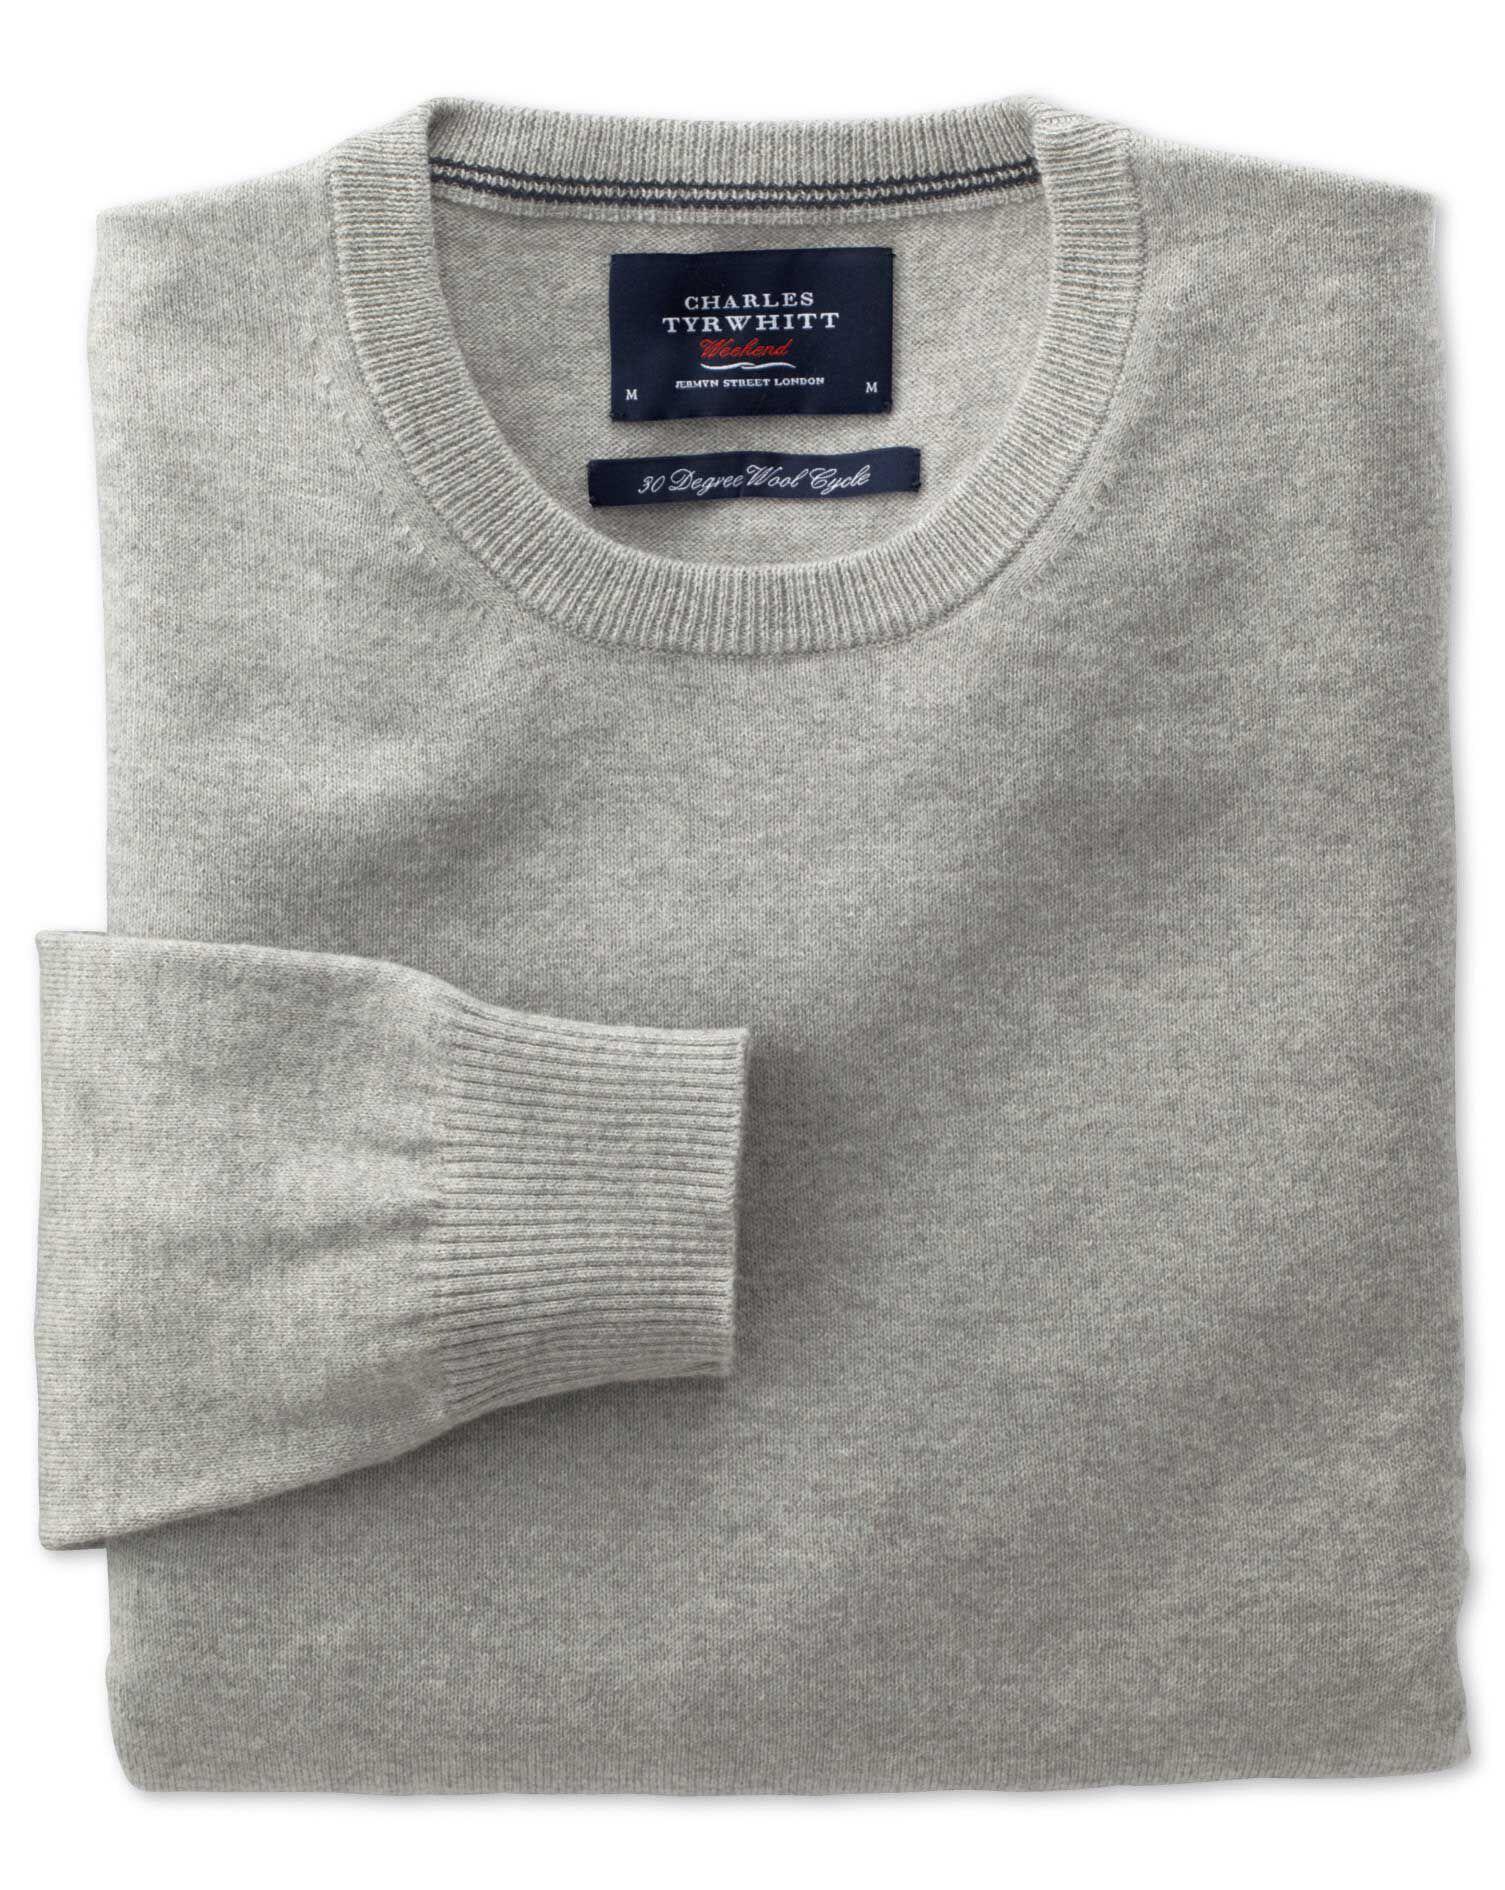 Light Grey Cotton Cashmere Crew Neck Jumper Size XL by Charles Tyrwhitt
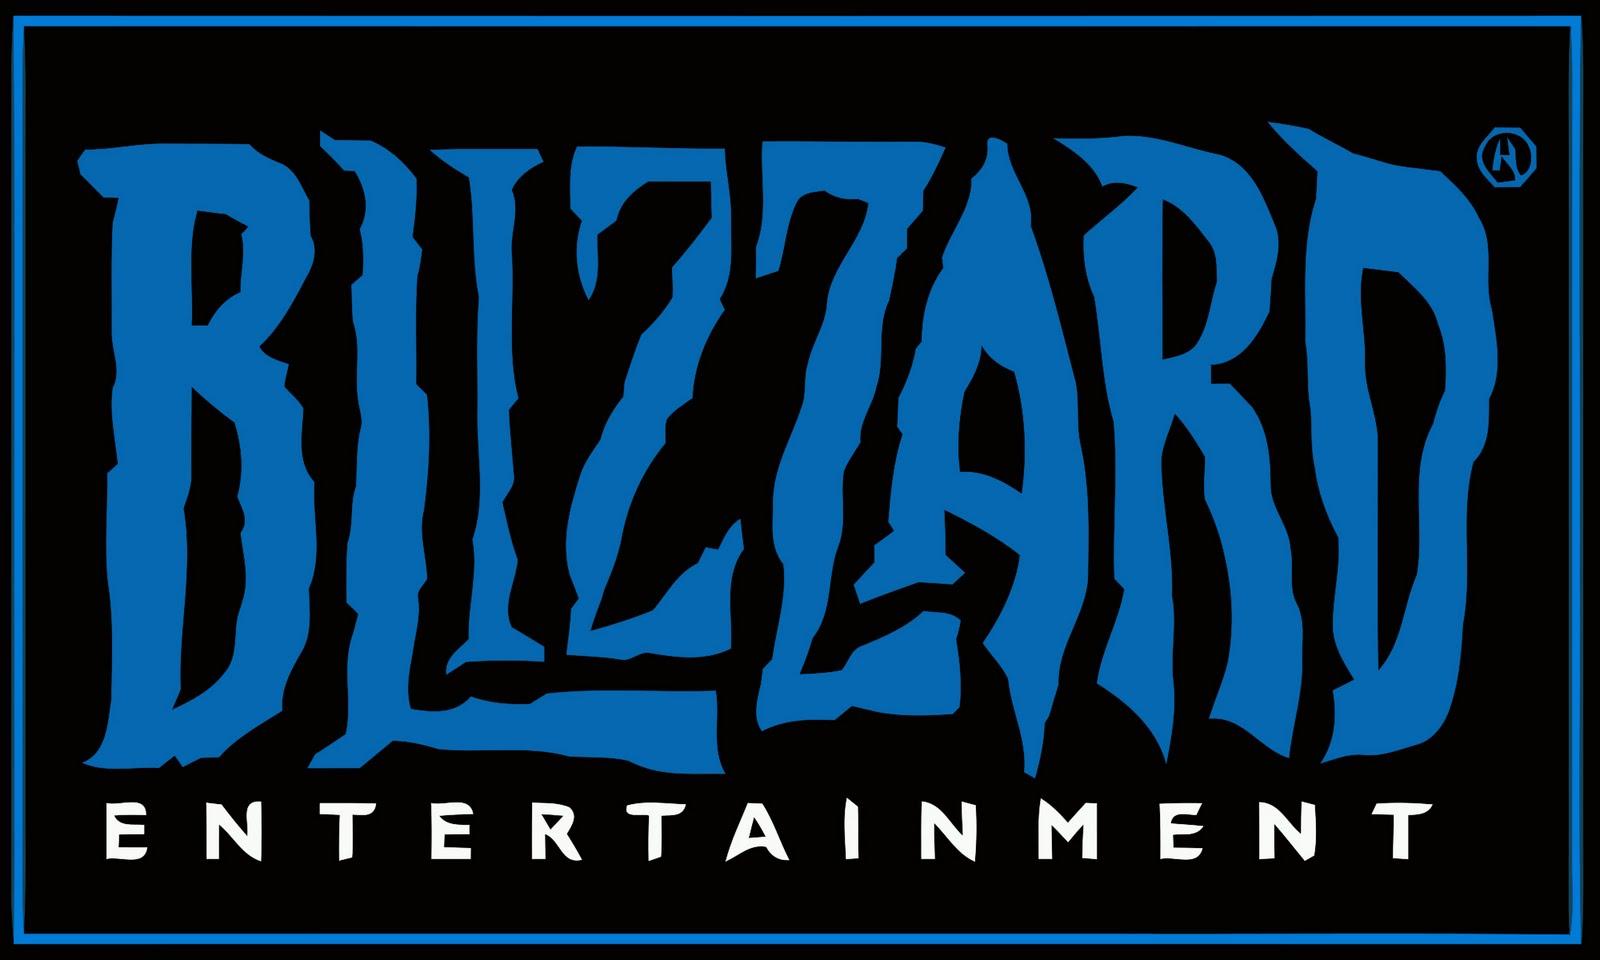 Blizzard Entertainment Logo HD Wallpaper 1600x960
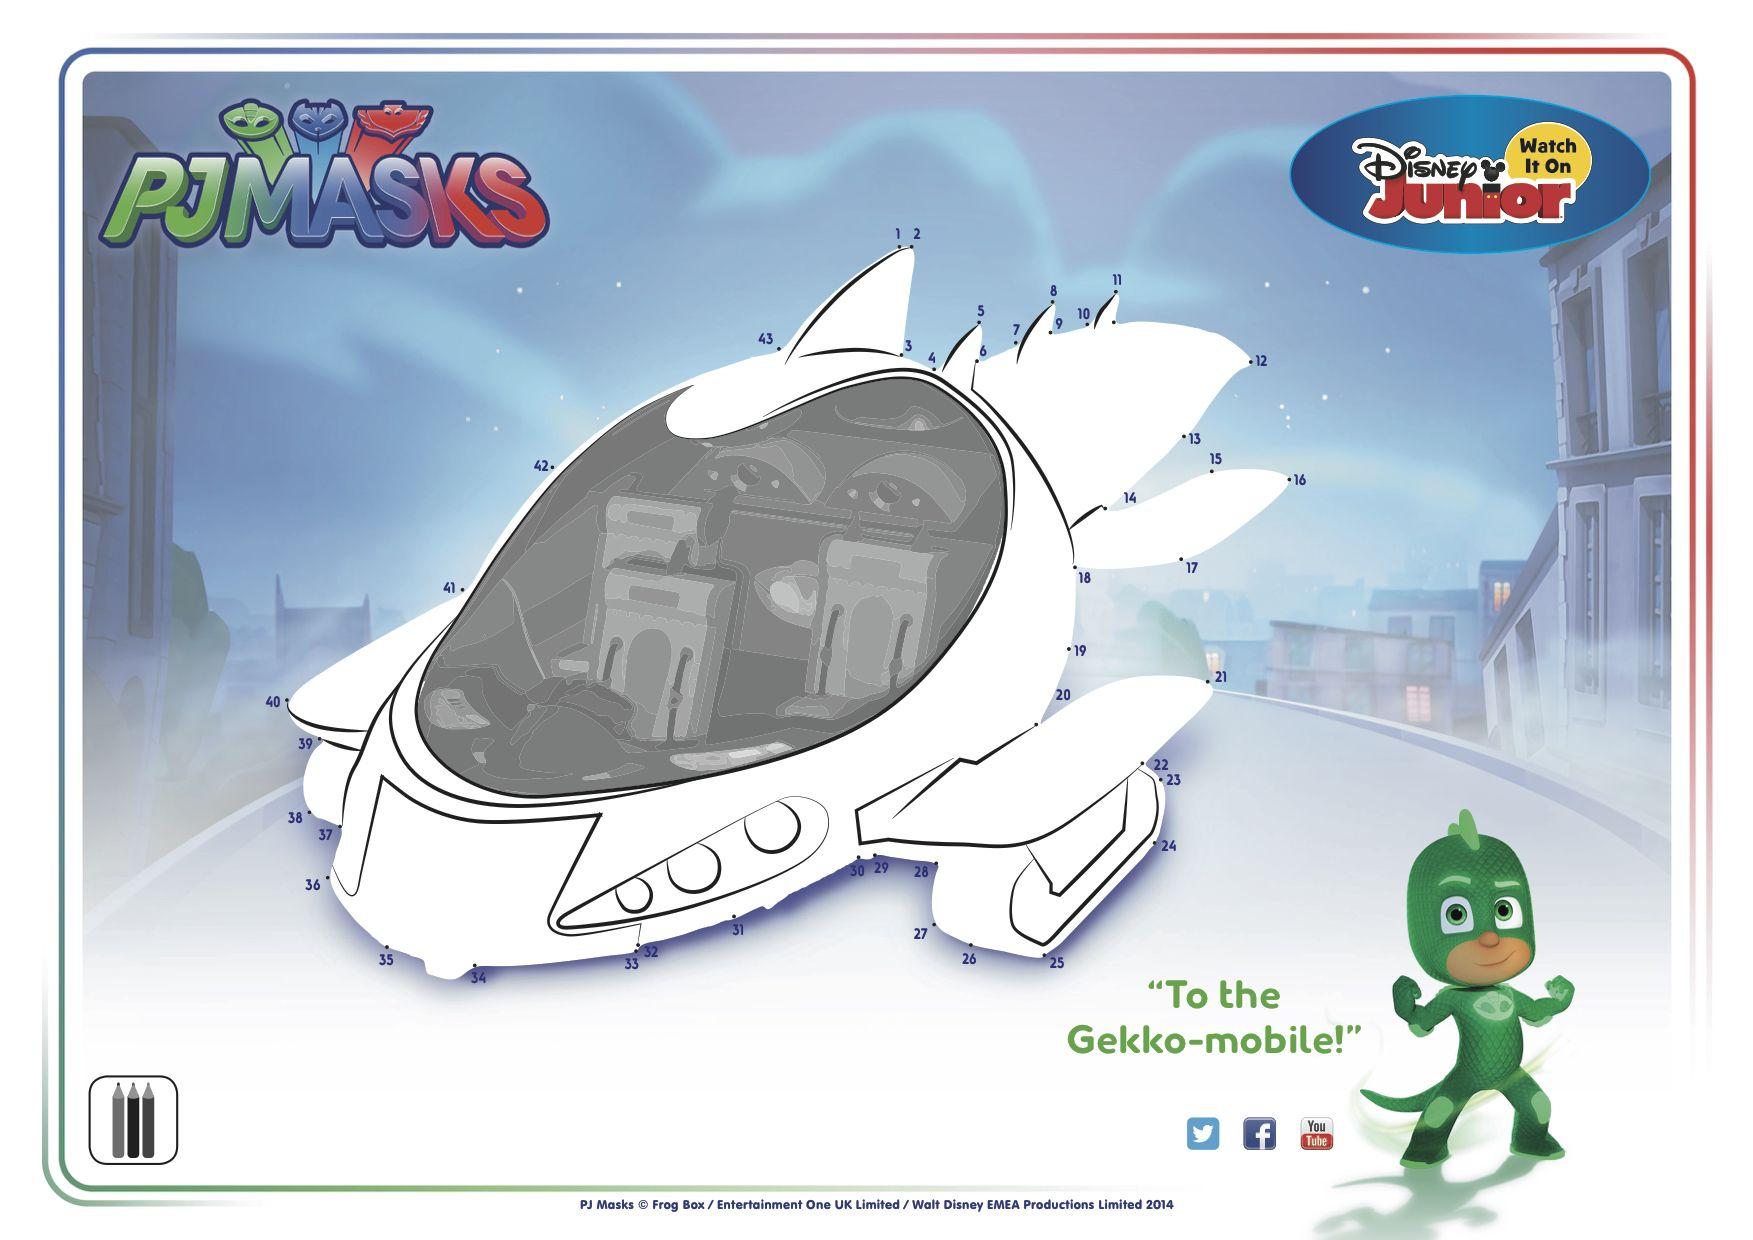 To The Gekko Mobile Pjmasks Gekko Disneyjunior Ideias Para Festas Festa Atividades
==============================
**PROBLEM TO SOLVE:**
Could you reproduce the listing above word for word while leaving out its pictures?

**WORKED SOLUTION:**
 Light Grey Cotton Cashmere Crew Neck Jumper Size XL by Charles Tyrwhitt
 Blizzard Entertainment Logo HD Wallpaper 1600x960
 To The Gekko Mobile Pjmasks Gekko Disneyjunior Ideias Para Festas Festa Atividades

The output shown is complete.